American History X

I’ve been trying to watch Oscar movies I hadn’t seen before and cover all the streaming services I typically cover. Hulu being the exception, because it would seem every film I find on there that has an Oscar nomination. I’m very familiar with. Tubi, which just started into audio description this year, has an atrocious list of films with audio description, rarely offering films people want to actually watch. Shockingly, none of them have ever been nominated for an Oscar. Broadening my search, while I would have preferred this review to be la Cage Aux Folles (even with English dubbing), it was in French, and DuoLingo hasn’t approved me as a French speaker yet. So, American History X it is.

I’ve been avoiding this film. Honestly, it came out at a time when I was a teen, and still trying to build my film knowledge, so I tried to watch it. I rented it, got about 15 minutes in, felt deeply uncomfortable, and passed on it. I also grew up in a somewhat racist area, so I can say that I think people took away the wrong message from this film. My continued interactions over the years have led me to believe that unlike other movies about white supremacists, this one has still oddly been embraced. Perhaps because it allows Norton to platform hate in a film that is telling two narratives.

We open on a young Norton looking very Nazi, and we follow him through a crime. Then, we jump forward, and he’s out, and because we know so little, his brother (played by Edward Furlong) begins his journey as the narrator by telling us all we need to know about the awesome history of his brother.
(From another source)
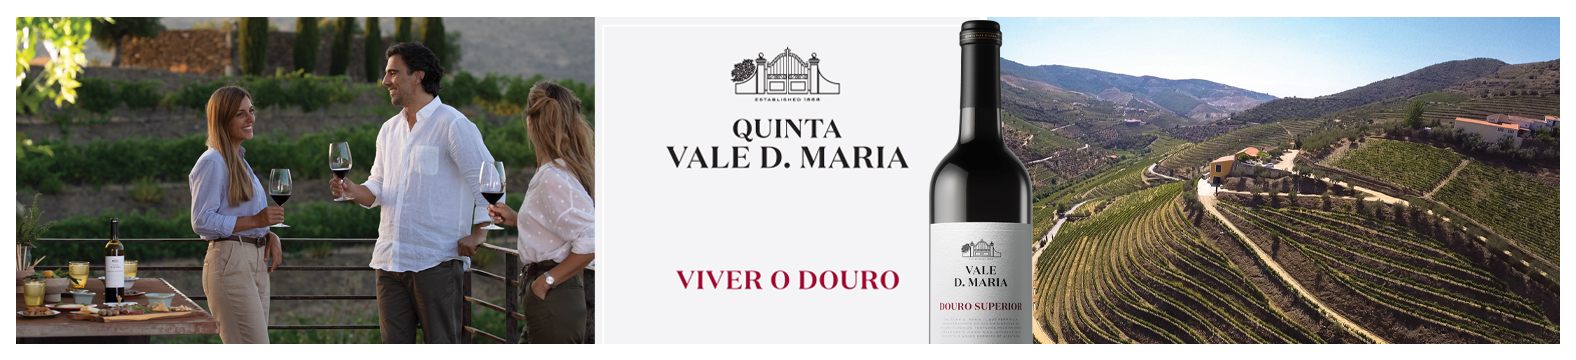 Quinta Vale D. Maria convida a “Viver o Douro”
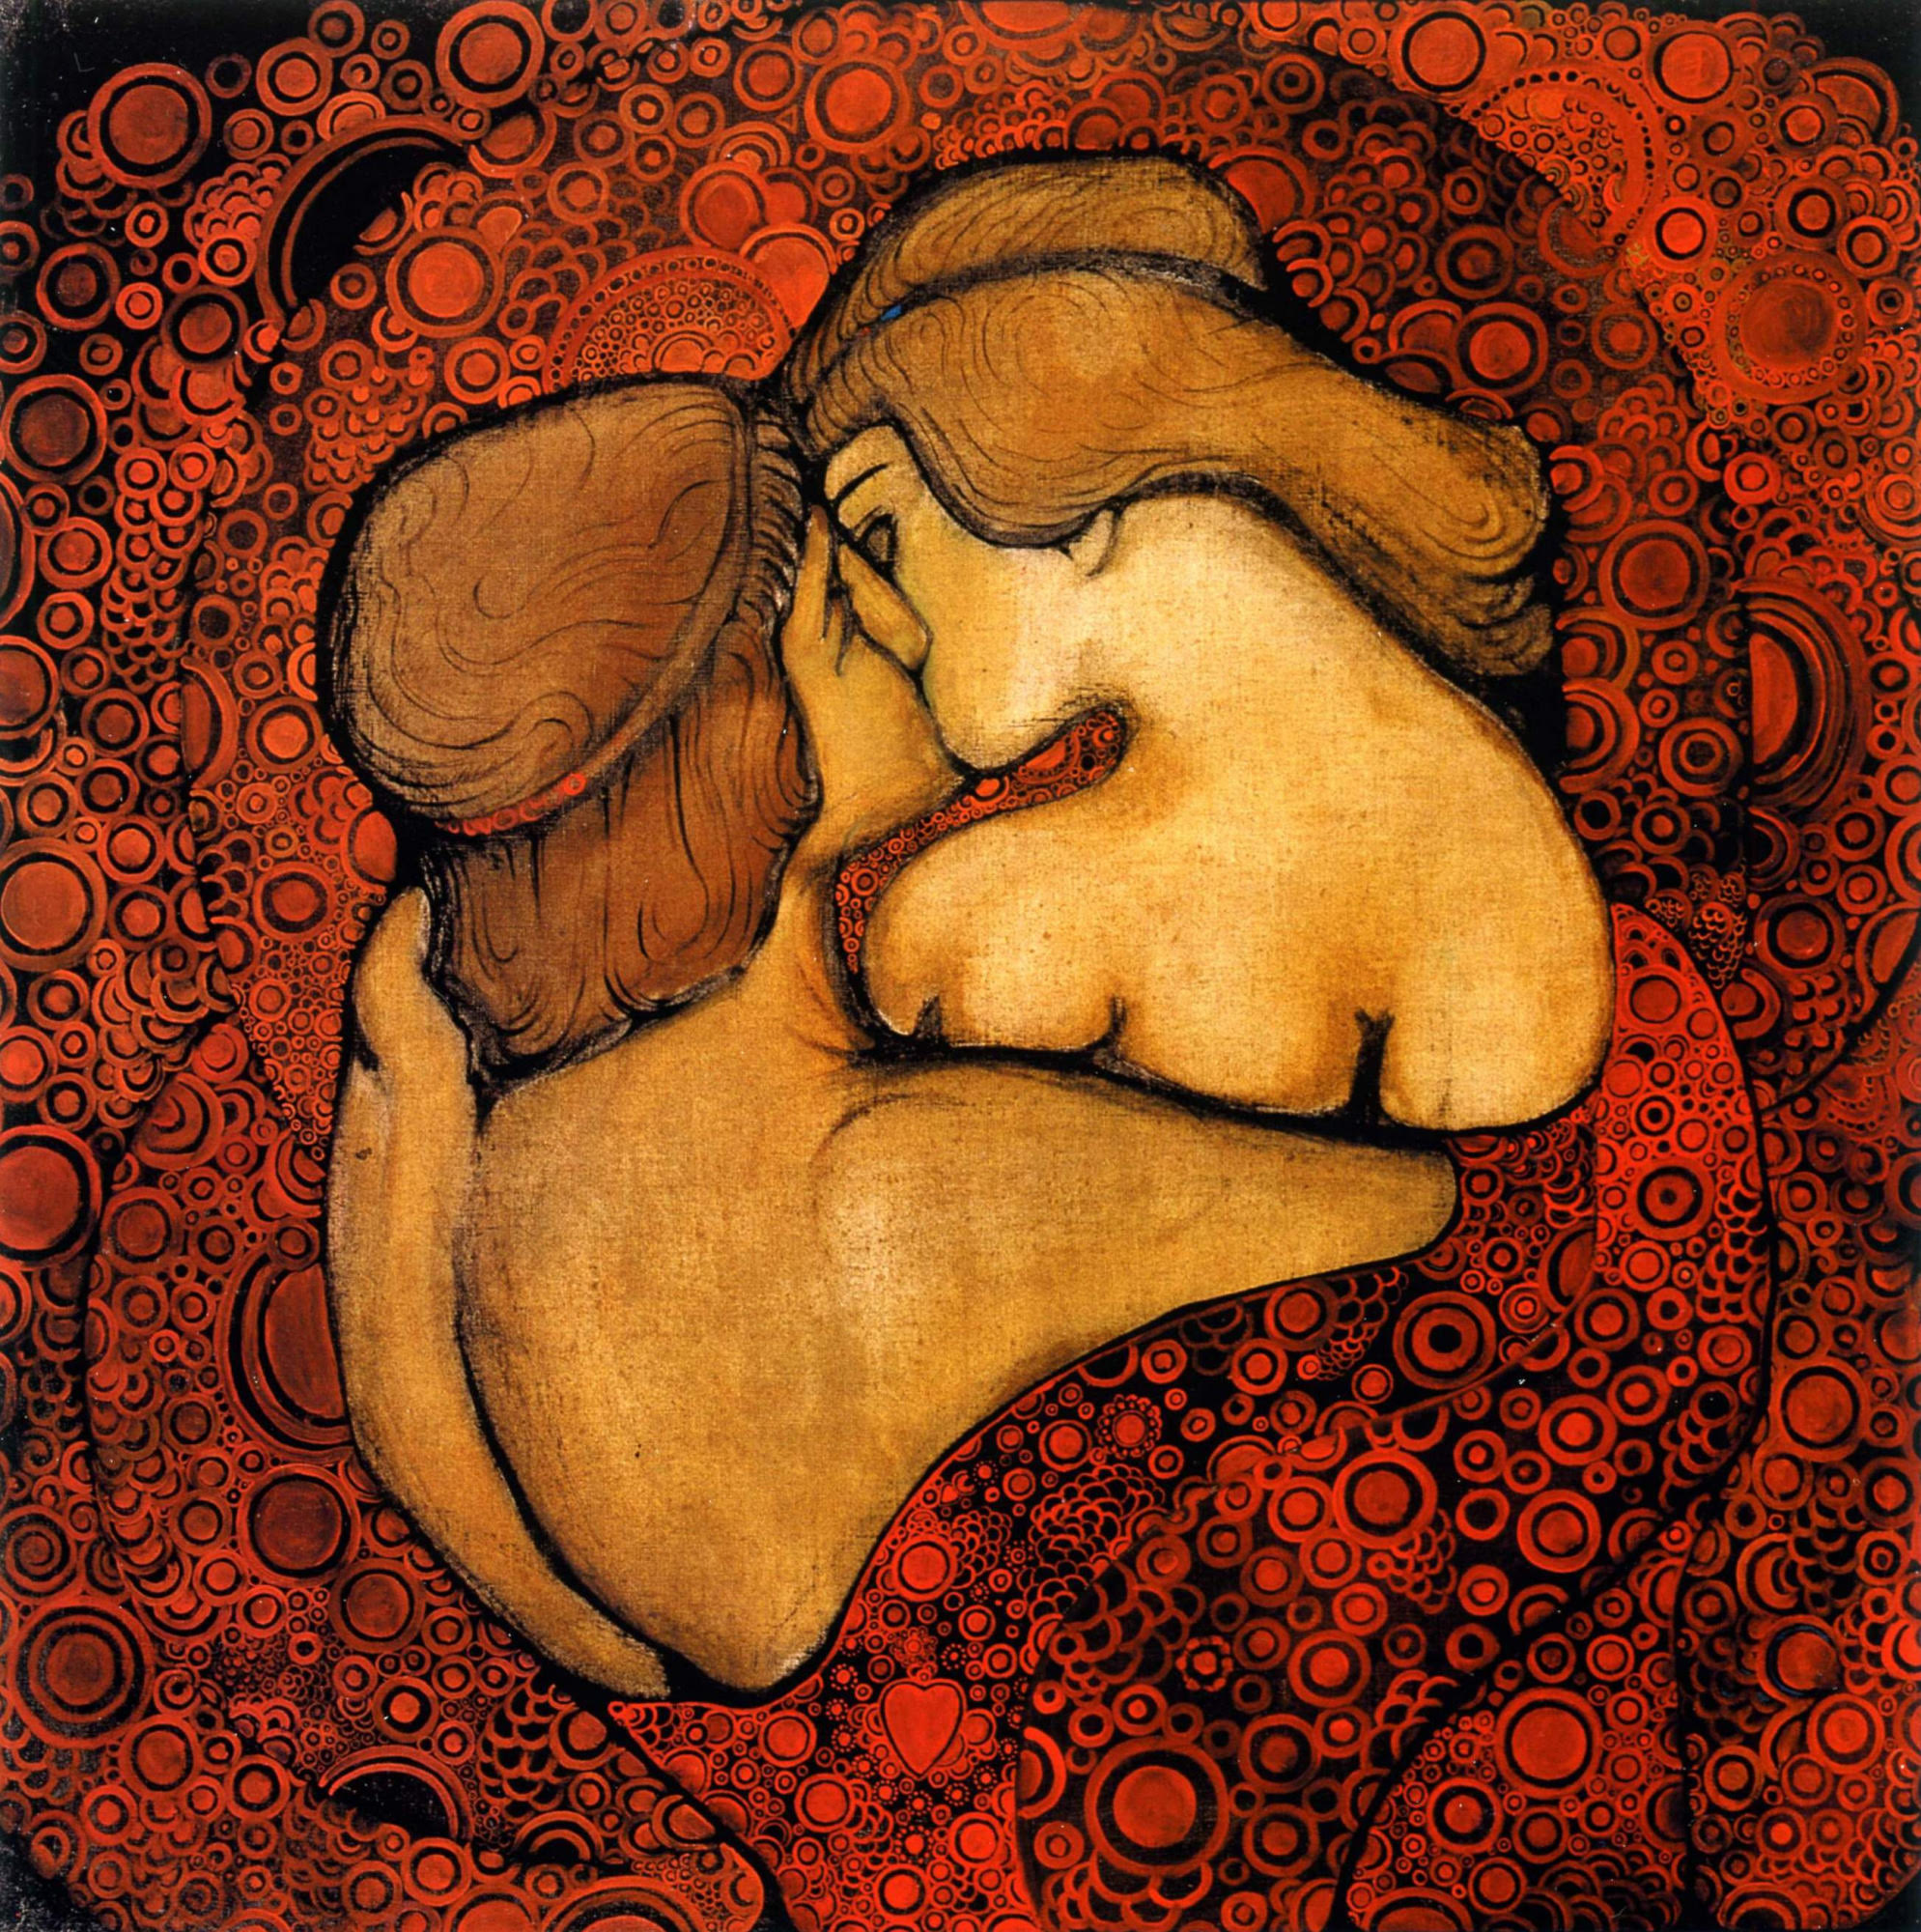 Поцелуй (The Kiss) by Vsevolod Maksymovych - 1913 - 100 x 100 см

Of course, Norton is different, prison changed him, and that’s what the movie is supposed to be about. but it can’t help but constantly be interrupted by hate.

Since this film doesn’t have audio description, in some ways I still feel like I have not fully experienced this, and I’m totally OK with that. Edward Norton received a Best Actor nomination for this, and the 90’s were a time he could have received many other nominations that weren’t this. The cast features heavy hitters like Ethan Suplee and Fairuza Balk, and the director went on to direct nothing even remotely memorable.

I don’t know what my grade would be for this, but it’s always been something I was hoping to avoid. Tubi needed a bigger bench for me to choose from.